How does this policy improve data reusability for the GPU? To answer this, we need to examine how BLAS is typically used in scientific applications. In most cases, scientific problems are not solved with a single BLAS call. Instead, they involve a sequence of BLAS operations, such as  $C = A \times B$  followed by  $E = D \times C$ , and so on. In these workflows, intermediate matrices (e.g., C) are frequently reused in subsequent operations. Data reuse is also particularly common in block matrix multiplications, where each block of a matrix is multiplied by multiple blocks from another matrix. Additionally, many scientific codes adopts an iterative approach, such as the self-consistent field process to solve partial

differential equations in quantum chemistry or physics, the same matrices and memory pointers are re-used across all the iterations. All the data only need to be moved to the GPU once and can be reused by subsequent iterations. All these common use cases conceptually justifies the appropriateness of Device First-Use policy.

### 3.3. Usage Instructions

The automatic BLAS offload wrappers are compiled and linked together as a shared library file (.so). All users need to do is to load the SCILIB-Accel library by  $LD_PRELOAD$  the .so file as shown below, then run their CPU binary as normal.

DBI version for general use:

export LD\_PRELOAD=/path/scilib-dbi.so

run your CPU binary

DLSYM-based version when using with profilers:

export LD\_PRELOAD=/path/scilib-dl.so

run your CPU binary

Several optional environmental variables can be set to tweak offload behaviors including:

1. data management strategies with Device First-Use as default

- 2. minimum matrix size that will allow a BLAS call to be offloaded, if matrices are small, then the BLAS call will stay on CPU. The default threshold is  $N_{avg} > 500$  where  $N_{avg}$  is the average matrix size, the definition of  $N_{avg}$  is routine dependent. For general matrix multiplication routines C=AxB,  $N_{avg} = (MNK)^{1/3}$  where dimensions of matrices A, B and C are  $M \times K$ ,  $K \times N$  and  $M \times N$ . The default threshold is a safe lower-bound based on preliminary dgemm testings on Grace-Hopper and can certainly be further fine-tuned for different kernels or precisions.
- 3. debug output levels.

# 4. Performance Testings and Discussion

In this section, I perform application tests using production HPC codes. Since quantum chemistry/physics are known to heavily relying on BLAS operations as linear algebra is the natural language of quantum mechanics, two codes, MuST and PARSEC, from this scientific domain are chosen, and they also part of the Characteristic Science Application (CSA)<sup>[8]</sup> efforts funded the

National Scientific Foundation (NSF) as representative workloads for the Leadership Class Computing Facility.

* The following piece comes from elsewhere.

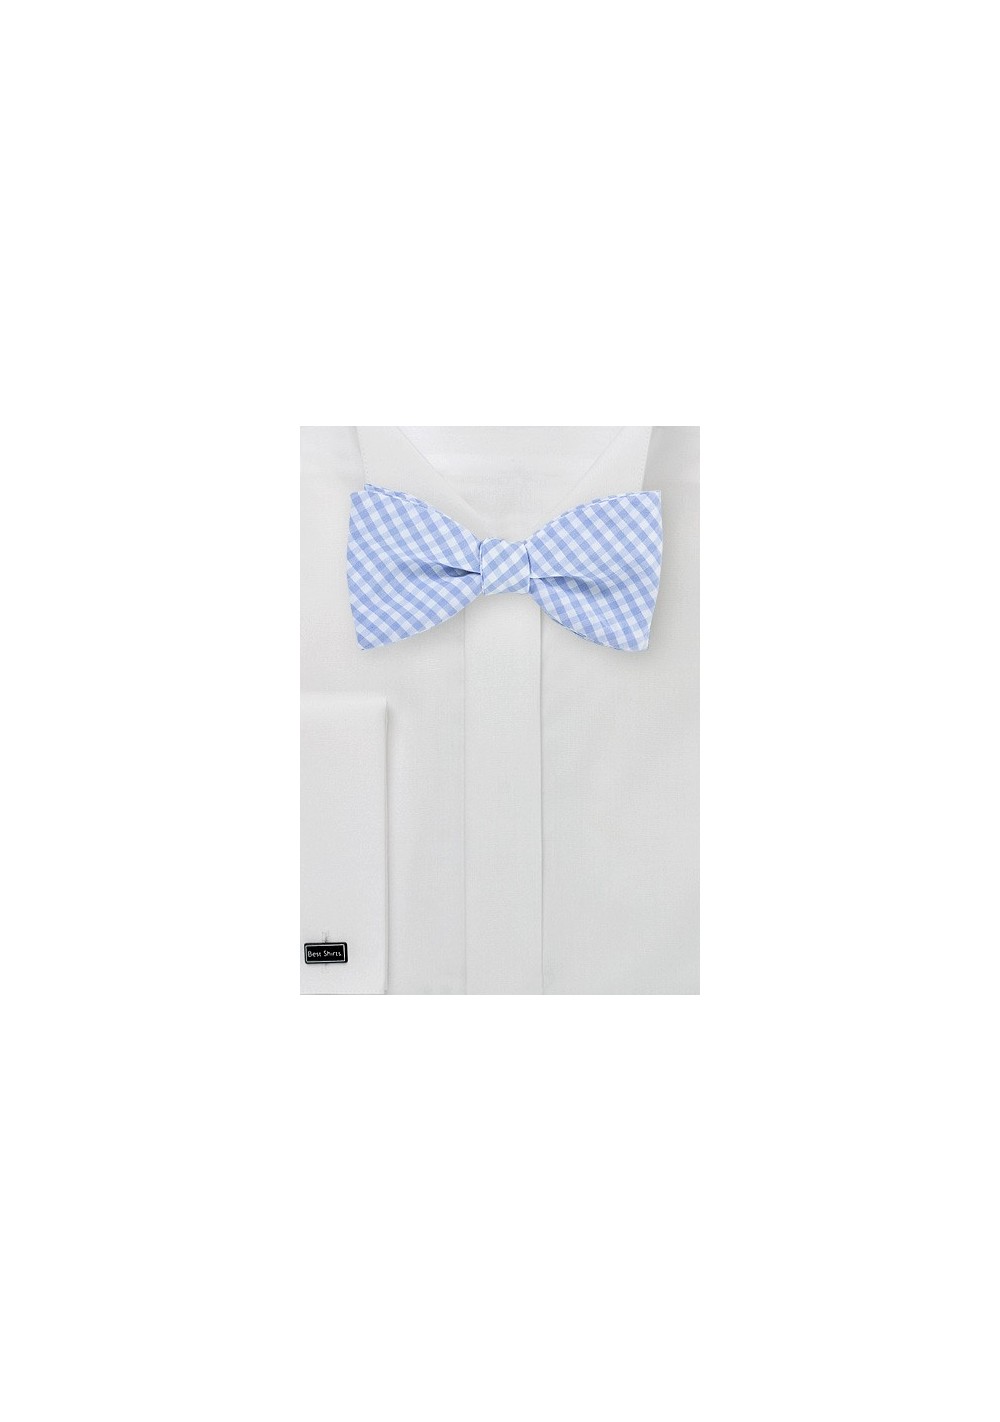 Light Blue Cotton Bow Tie with Micro Checks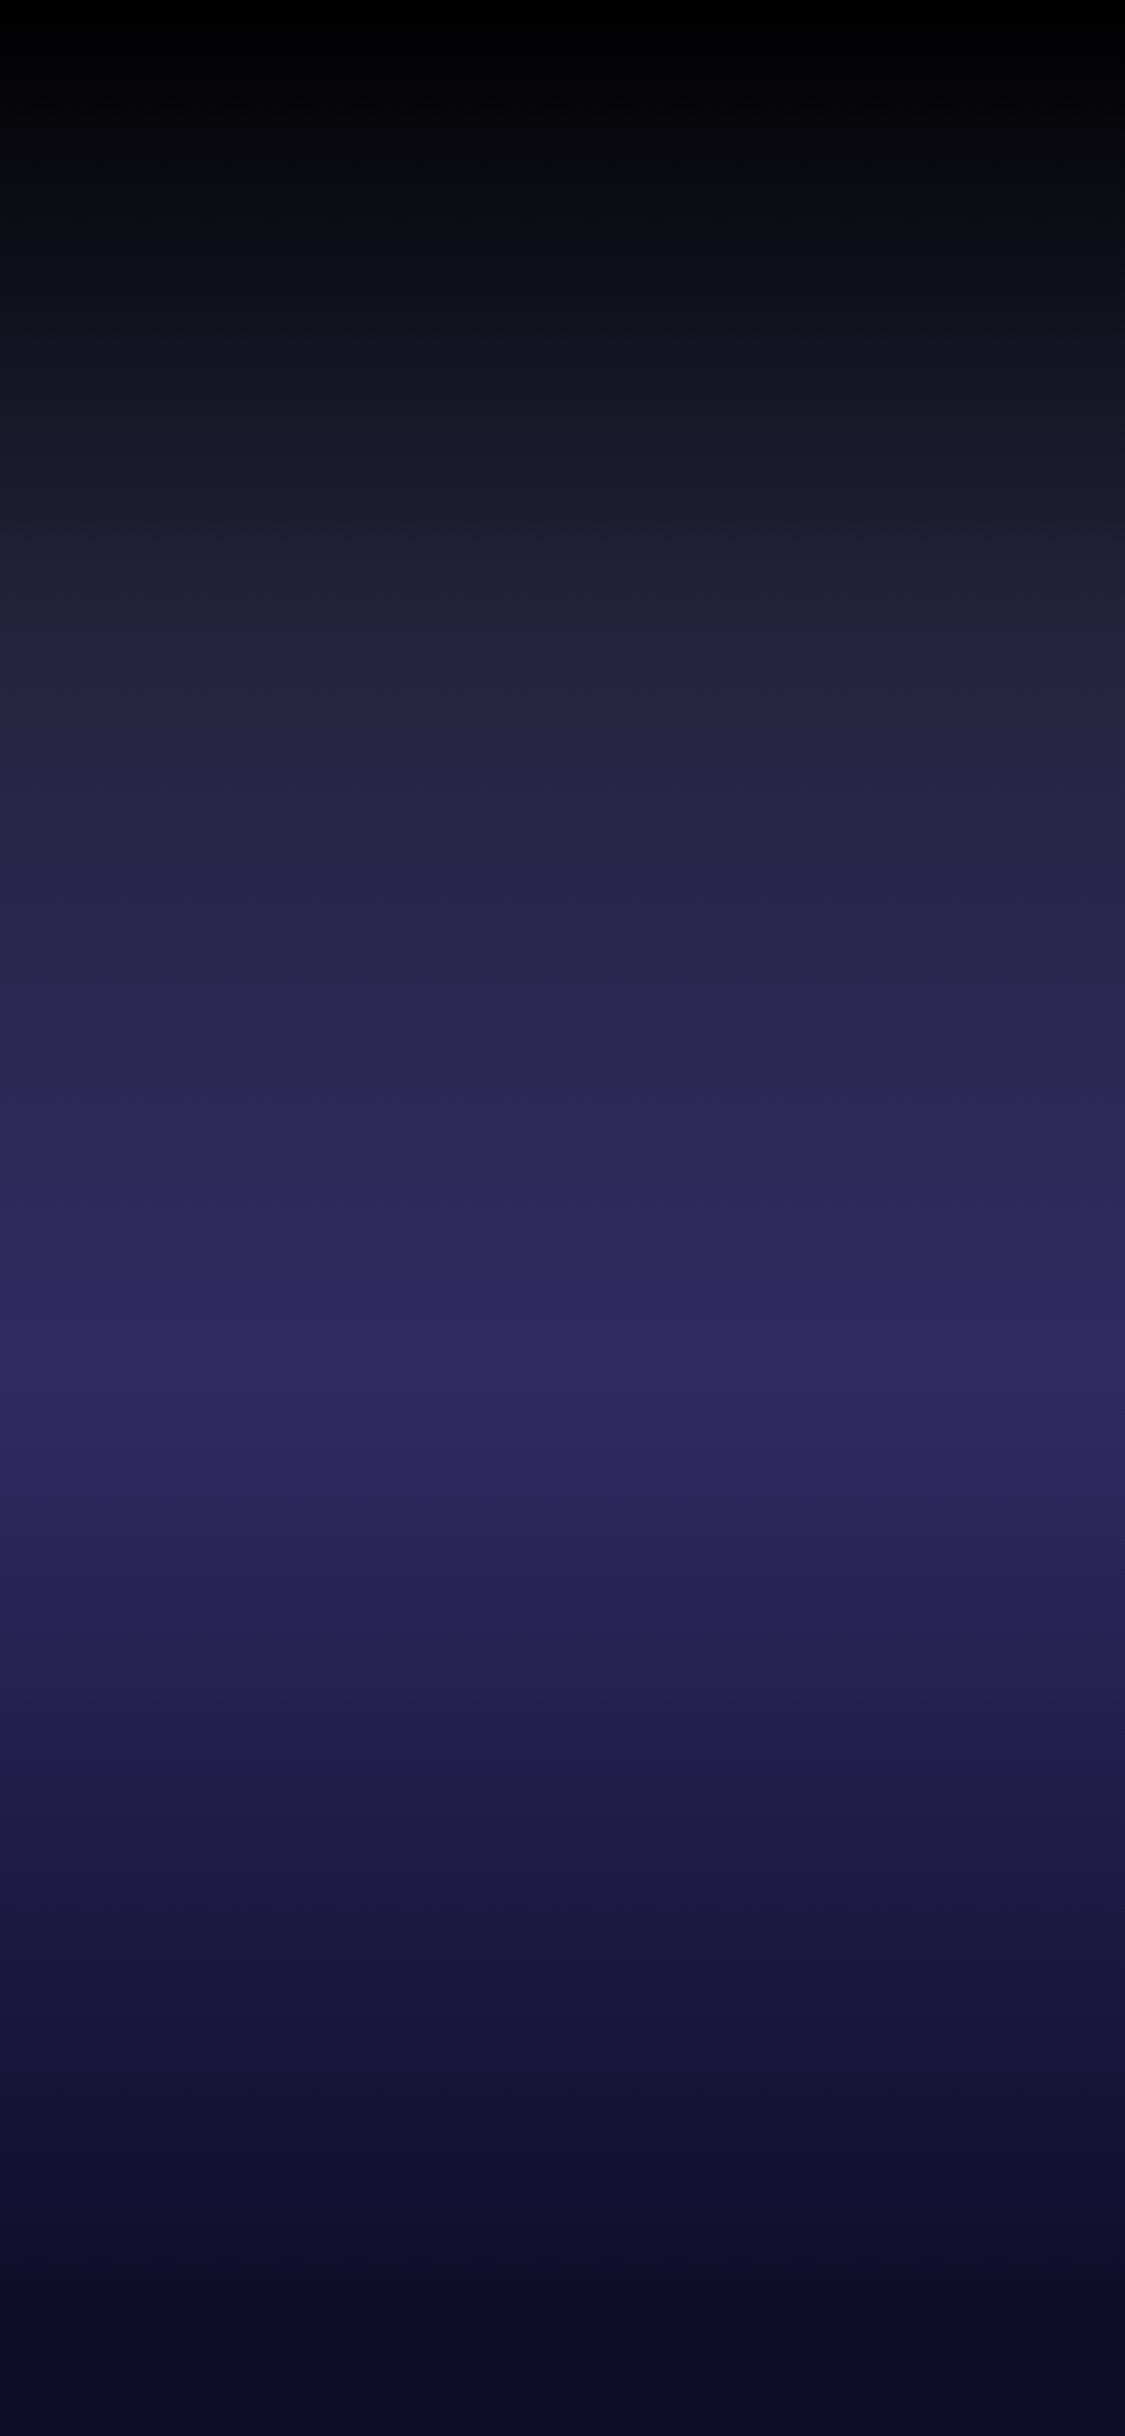 gradient iphone wallpaper,blue,black,purple,violet,sky

Different offload strategies are extensively tested to showcase the performance of Device First–Use data movement policy, and understand limitations of data movement approaches. In all test cases, the offload threshold is  $N_{avg} > 500$  (see Section 3.3 for details) will be offloaded which is proven to be appropriate for these applications on Grace–Hopper.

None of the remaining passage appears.